What this task involves>
The answer must be the full data, restated word for word, with no pictures in it.

Data provided>
= = = = = = =

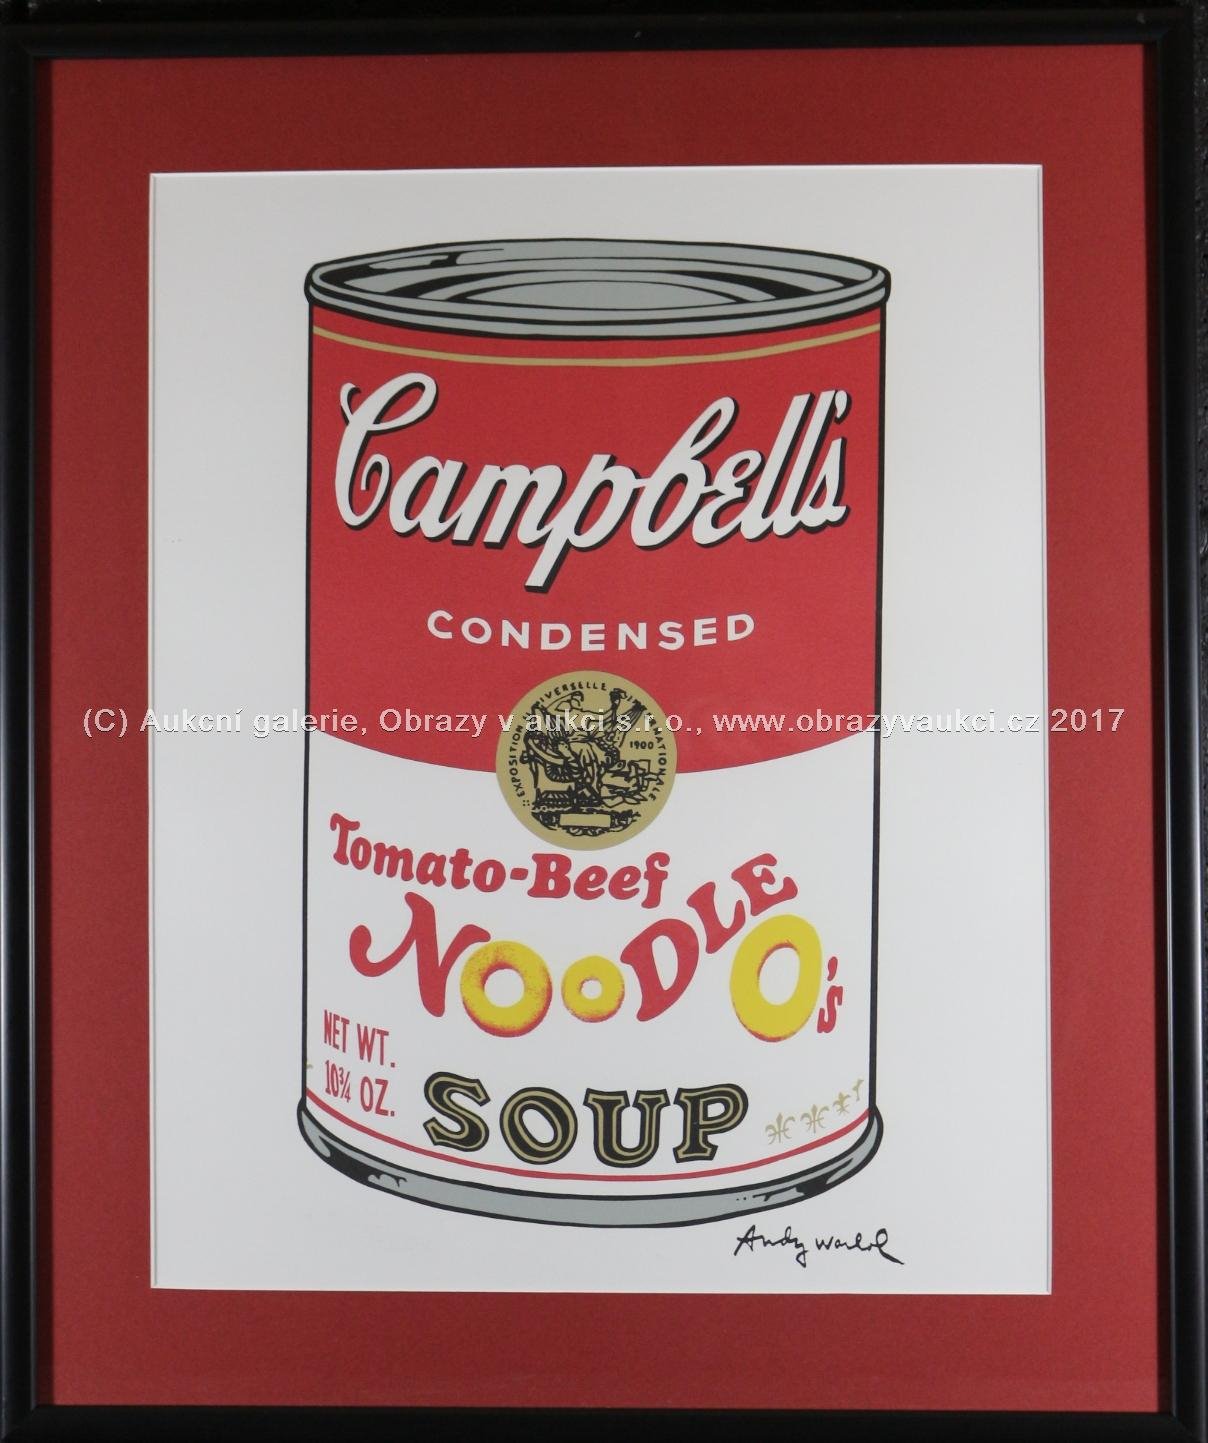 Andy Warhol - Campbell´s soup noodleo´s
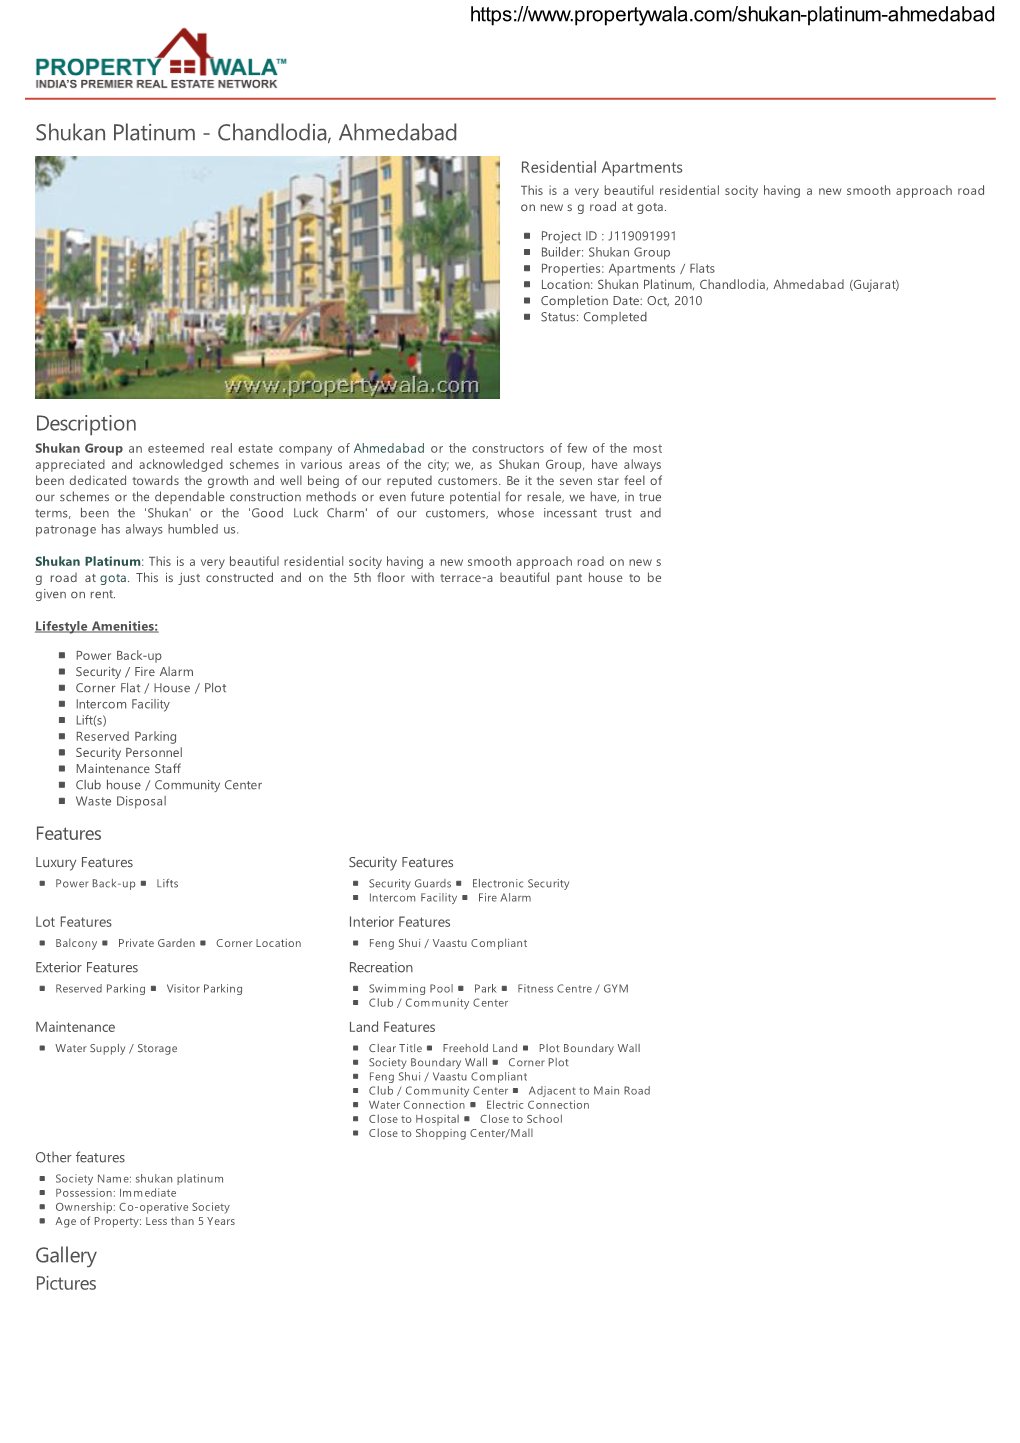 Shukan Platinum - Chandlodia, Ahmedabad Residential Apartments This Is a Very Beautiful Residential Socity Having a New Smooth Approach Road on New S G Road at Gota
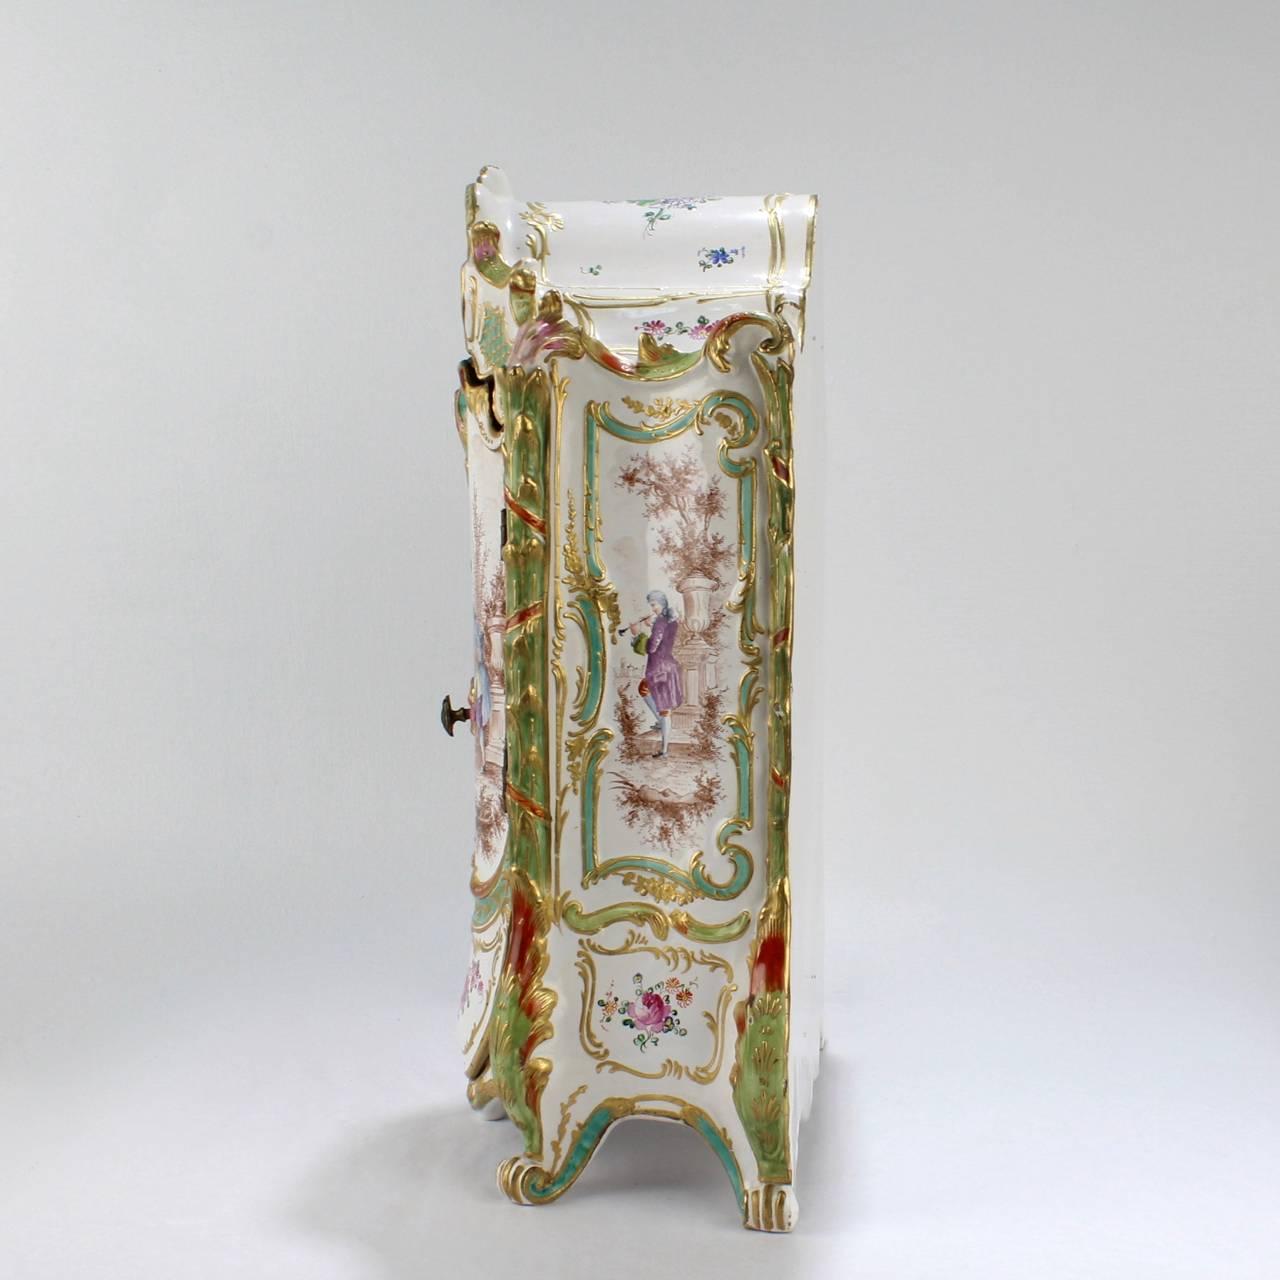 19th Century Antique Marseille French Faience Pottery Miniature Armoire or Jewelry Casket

= = = = = = =

Solution for this exercise>
 Andy Warhol - Campbell´s soup noodleo´s
 Shukan Platinum - Chandlodia, Ahmedabad Residential Apartments This Is a Very Beautiful Residential Socity Having a New Smooth Approach Road on New S G Road at Gota
 19th Century Antique Marseille French Faience Pottery Miniature Armoire or Jewelry Casket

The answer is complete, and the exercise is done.